» YOUR TASK:
Within the lines below, the span from the line with "Angelo Lelii für" to the line with "80cm hoch von der Deckenhalterung bis zum", both ends included, is to be reproduced exactly, with pictures omitted.

» DATA SUPPLIED:
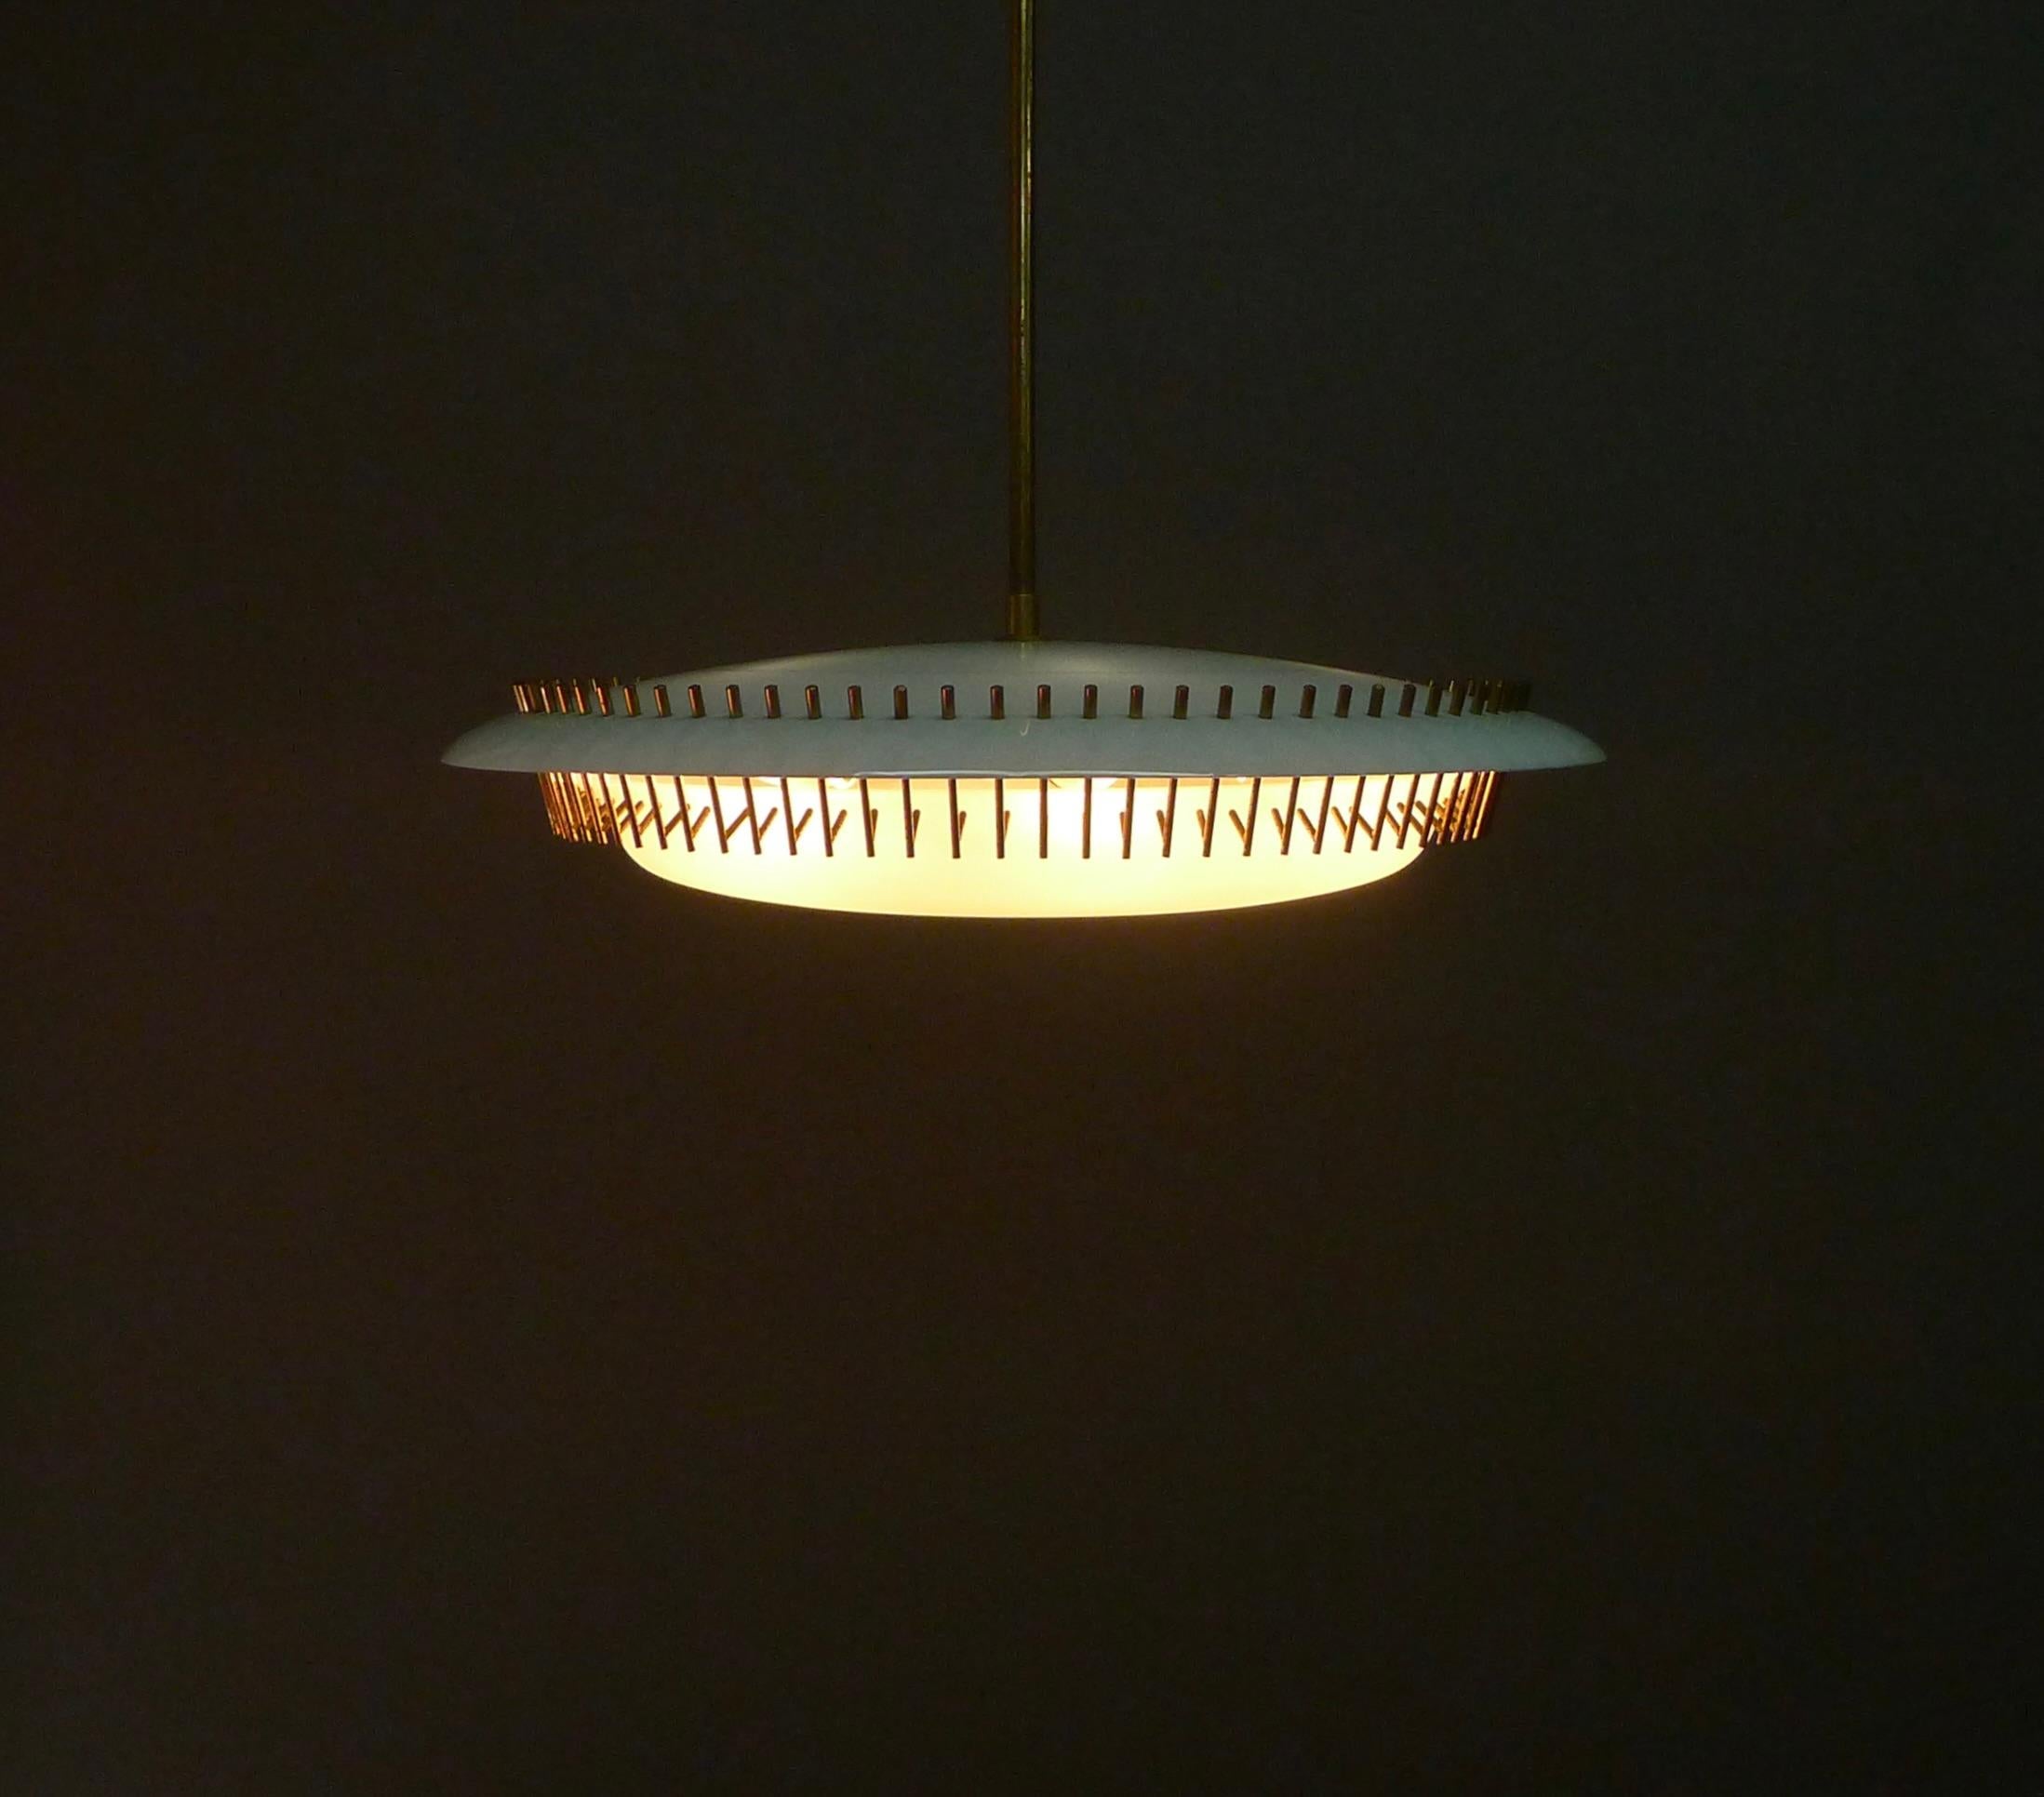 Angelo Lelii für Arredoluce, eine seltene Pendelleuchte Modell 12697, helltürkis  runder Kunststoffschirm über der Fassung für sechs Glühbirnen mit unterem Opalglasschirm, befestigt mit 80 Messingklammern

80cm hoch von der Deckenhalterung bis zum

---

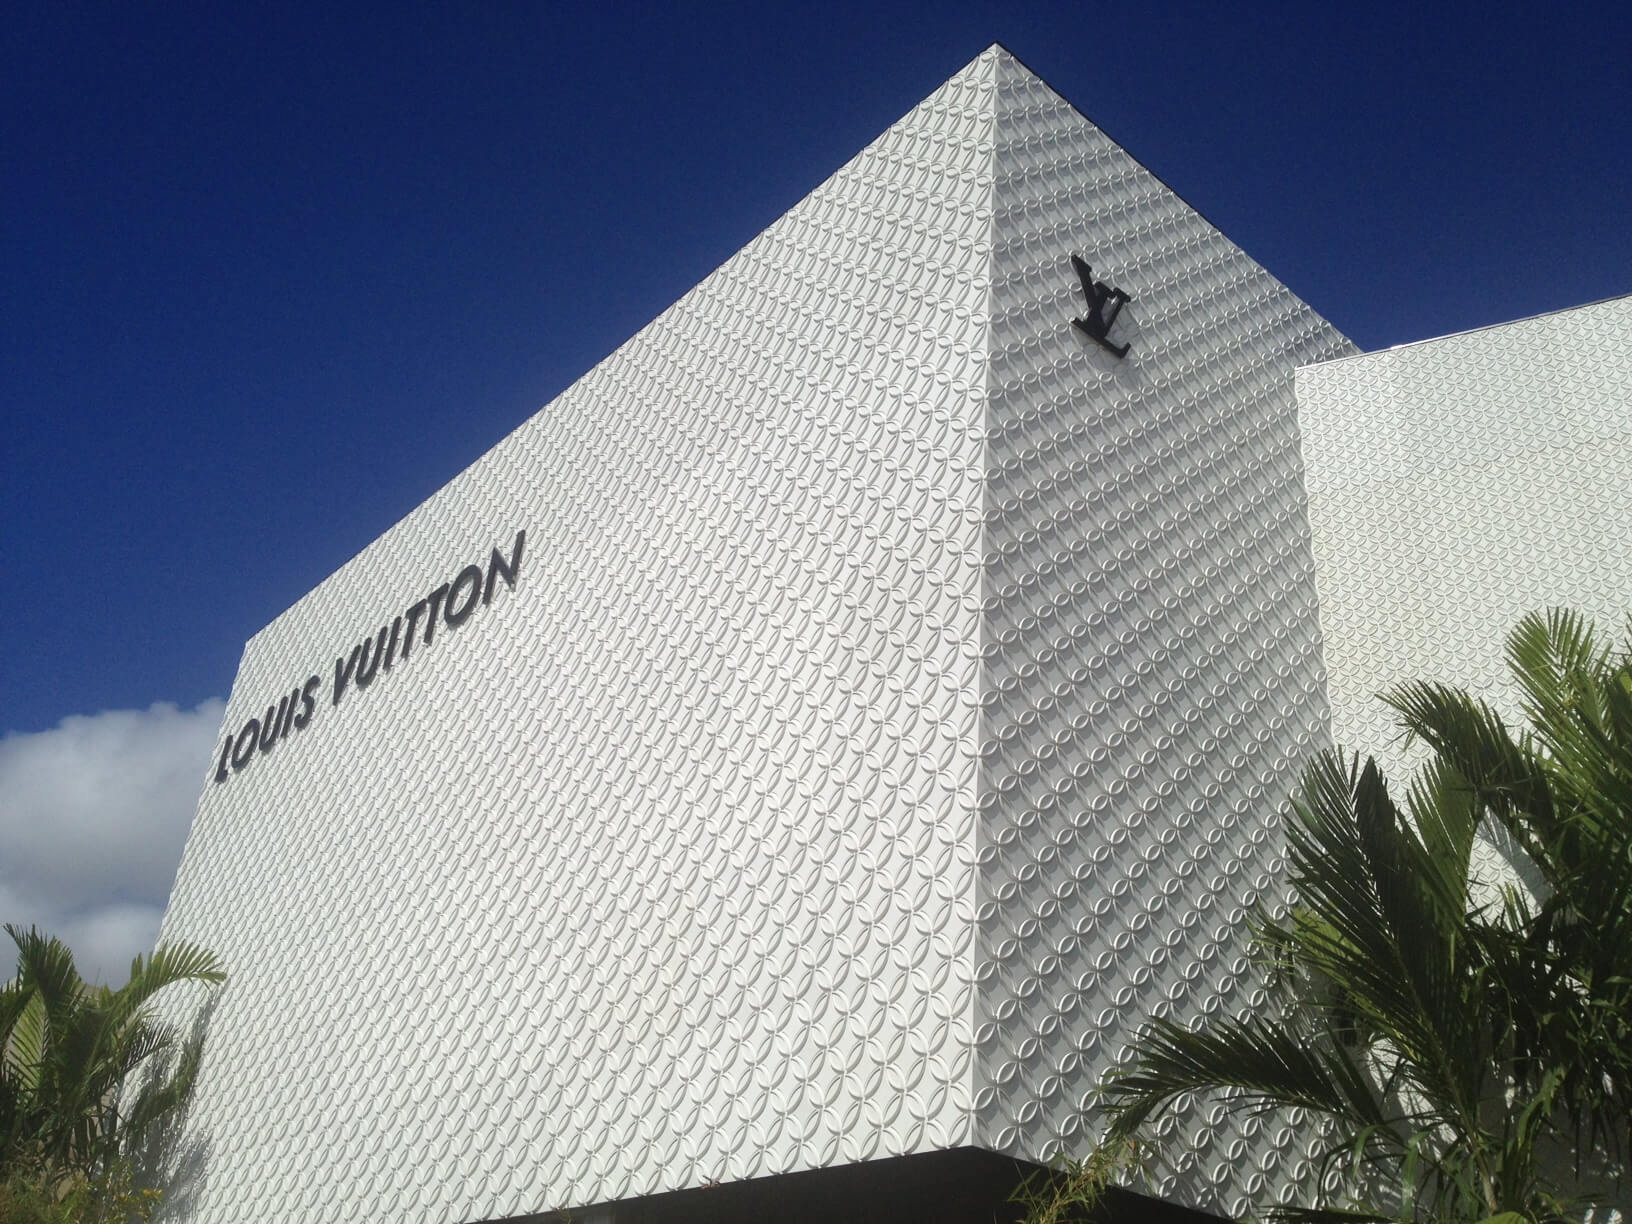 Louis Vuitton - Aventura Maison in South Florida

---

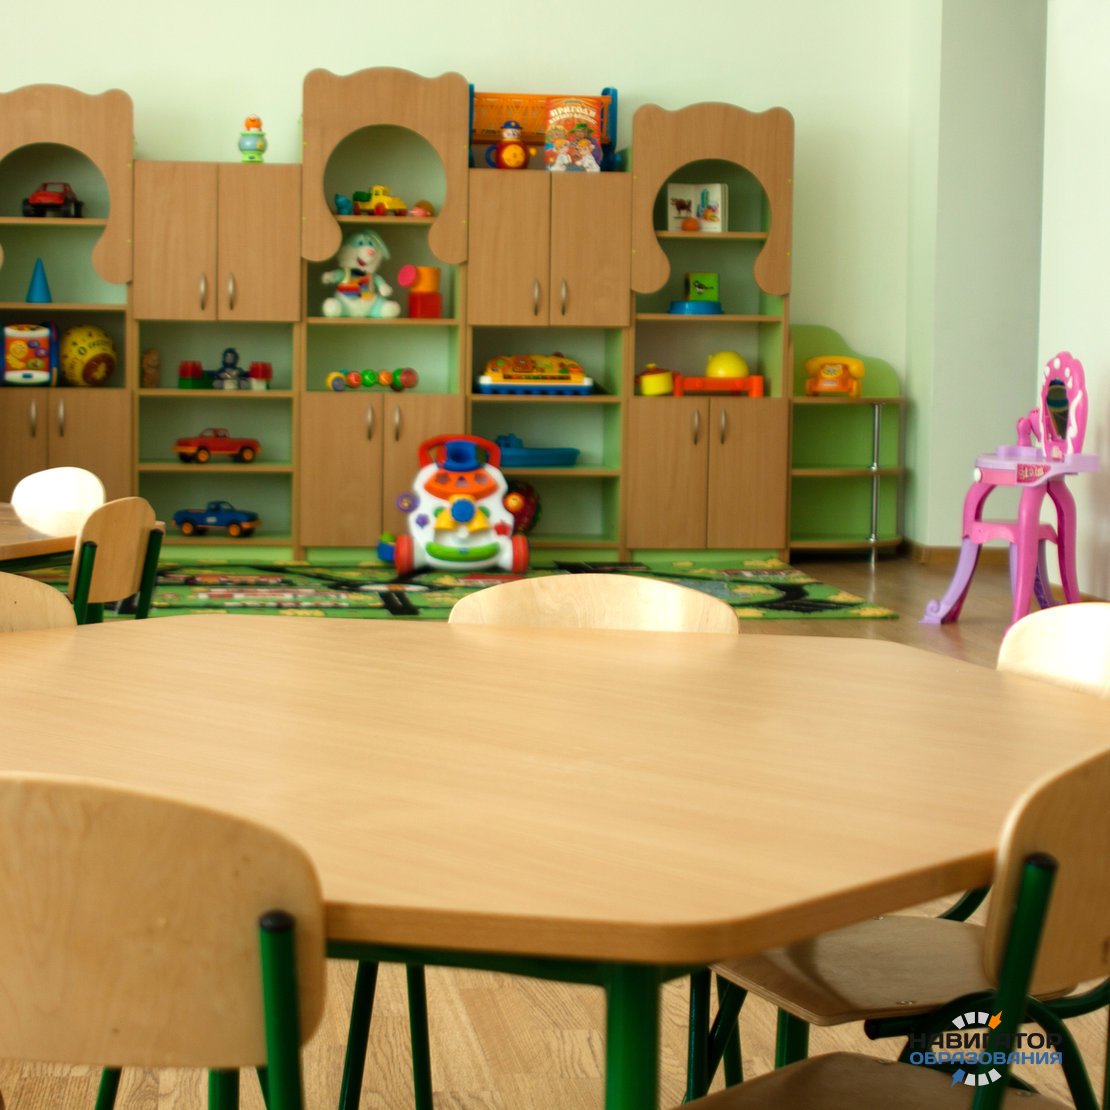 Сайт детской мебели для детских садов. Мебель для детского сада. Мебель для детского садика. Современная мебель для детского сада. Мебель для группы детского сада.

» RESULT FOR THIS EXERCISE:
 Angelo Lelii für Arredoluce, eine seltene Pendelleuchte Modell 12697, helltürkis  runder Kunststoffschirm über der Fassung für sechs Glühbirnen mit unterem Opalglasschirm, befestigt mit 80 Messingklammern

80cm hoch von der Deckenhalterung bis zum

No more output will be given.